> **Extracted information**:
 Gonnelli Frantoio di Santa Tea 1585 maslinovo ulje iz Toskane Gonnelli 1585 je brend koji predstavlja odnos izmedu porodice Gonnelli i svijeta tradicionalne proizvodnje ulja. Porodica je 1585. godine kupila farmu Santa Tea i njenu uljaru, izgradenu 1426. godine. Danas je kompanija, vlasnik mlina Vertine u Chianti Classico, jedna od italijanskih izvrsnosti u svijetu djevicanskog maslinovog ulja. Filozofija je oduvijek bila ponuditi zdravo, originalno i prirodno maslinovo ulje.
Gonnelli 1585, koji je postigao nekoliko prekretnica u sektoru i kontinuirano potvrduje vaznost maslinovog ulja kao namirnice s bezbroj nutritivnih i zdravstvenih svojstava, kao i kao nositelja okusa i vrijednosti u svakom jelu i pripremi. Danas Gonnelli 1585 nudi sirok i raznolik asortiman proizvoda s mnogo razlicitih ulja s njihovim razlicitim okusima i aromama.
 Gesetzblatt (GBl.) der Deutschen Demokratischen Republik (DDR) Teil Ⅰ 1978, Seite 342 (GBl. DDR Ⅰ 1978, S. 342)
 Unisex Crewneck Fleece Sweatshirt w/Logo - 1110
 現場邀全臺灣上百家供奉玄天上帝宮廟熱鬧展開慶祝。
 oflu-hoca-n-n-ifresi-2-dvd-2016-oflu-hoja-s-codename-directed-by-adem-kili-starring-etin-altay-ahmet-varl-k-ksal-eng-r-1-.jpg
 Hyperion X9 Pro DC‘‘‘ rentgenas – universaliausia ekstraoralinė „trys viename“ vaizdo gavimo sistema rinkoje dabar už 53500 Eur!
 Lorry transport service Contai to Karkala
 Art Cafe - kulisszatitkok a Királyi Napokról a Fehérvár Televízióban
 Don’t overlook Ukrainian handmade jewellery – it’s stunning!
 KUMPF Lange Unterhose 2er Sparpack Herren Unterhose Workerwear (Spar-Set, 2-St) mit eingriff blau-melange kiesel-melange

> **Task objective**: In the material above, the line with "Art Cafe - kulisszatitkok" marks the start. Print it and every line after it through the last, exactly.

> **Solved exercise**:
 Art Cafe - kulisszatitkok a Királyi Napokról a Fehérvár Televízióban
 Don’t overlook Ukrainian handmade jewellery – it’s stunning!
 KUMPF Lange Unterhose 2er Sparpack Herren Unterhose Workerwear (Spar-Set, 2-St) mit eingriff blau-melange kiesel-melange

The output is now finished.